Rosa’s subsea boosting system consists of two pumping stations, each containing a pair of subsea multiphase pumps built by Framo, now part of OneSubsea. The first set of pumps began service in September 2015, followed by the second pair in April 2016.
“We have four multiphase pumps in operation for the time being, and everything is working as planned,” Charlez says.
“Their implementation within an existing subsea installation not originally designed for has deeply modified the flow assurance and the way of operating both the Rosa and Girassol fields. Design optimisations were proposed, verified and tested through dedicated simulations, then translated into operating procedures and maintenance programs.”
Getting the power needed to run the systems to the seabed presented another challenge. The FPSO Girassol alone could not furnish sufficient power to activate and operate the pumps, so Total devised a plan to connect electrical power systems from Girassol and the nearby FPSO Dalia, which came online in 2015. The project required a 13-kilometre interconnecting power cable from the FPSO Dalia to the FPSO Girassol and an integrated power management system that allows the sharing of 100MW of power in full automatic mode, a set-up that Charlez describes as “a world’s first”.
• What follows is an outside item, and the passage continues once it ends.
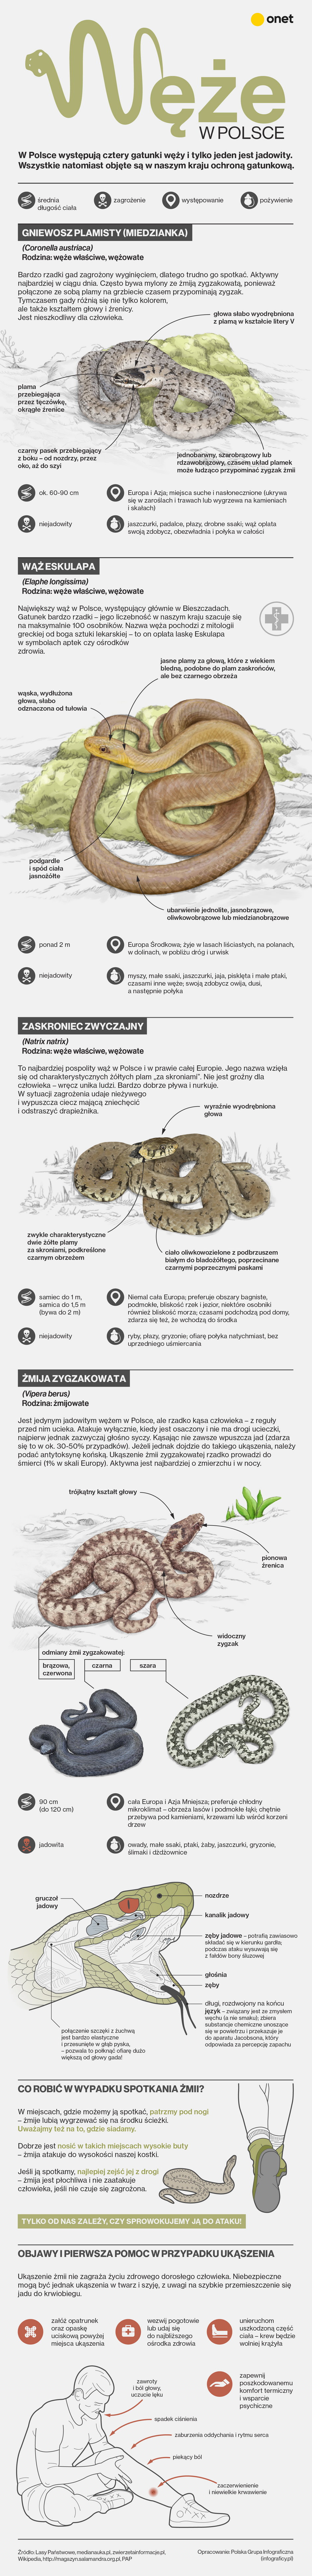 Węże w Polsce

The project also required debottlenecking of the existing power systems, he says.
“We could have added power on FPSO Girassol, but the big problem with adding power is that power needs space. So the idea here was to recover power from Dalia and connect the two FPSOs.”
Technology boost
As ultra-deepwater fields enter later life, operators are facing significant technological and economic challenges.
“Wringing the last barrel from a deepwater field costs a lot of money,” Charlez says. “And the low cost of oil today goes against extensive redevelopment of deepwater fields.”
In general, he says, the cost of a shallow-water redevelopment runs about 25% of a field’s initial development costs, for a typical return rate of 10% to 15% more oil. “So the cost per barrel is high,” he notes. The margins can be tighter for deepwater redevelopments.
“Redeveloping Rosa with a specific FPSO would not have been economic. Good technology ideas, such as subsea multiphase pumping, and using the existing facilities with existing power, were the only solutions that could make such a development economic.
“Bad economics can be a strong booster of technology,” he adds, citing the dramatic increase in oil and gas industry patents in the wake of the first major oil shock of the late 1970s. “When you have a difficult economic situation, people think more.”
However, successful redevelopment of ultra-deepwater brownfields will require more than technology.
“As for any other mature fields, such projects are executed on facilities in production and require managing complex SIMOPS (simultaneous operations) activities to minimise the production losses.”
The challenge is compounded on FPSOs and other floating production facilities, where redevelopment work often must share space with accommodations, drilling activities and maintenance work.
Charlez expects more subsea multiphase pump systems will be deployed in the coming years as deepwater fields in West Africa, Brazil and the Gulf of Mexico reach maturity.
“This was one of the first projects of this type because Girassol was one of the first greenfield developments in deepwater,” he says. “There will be many more.”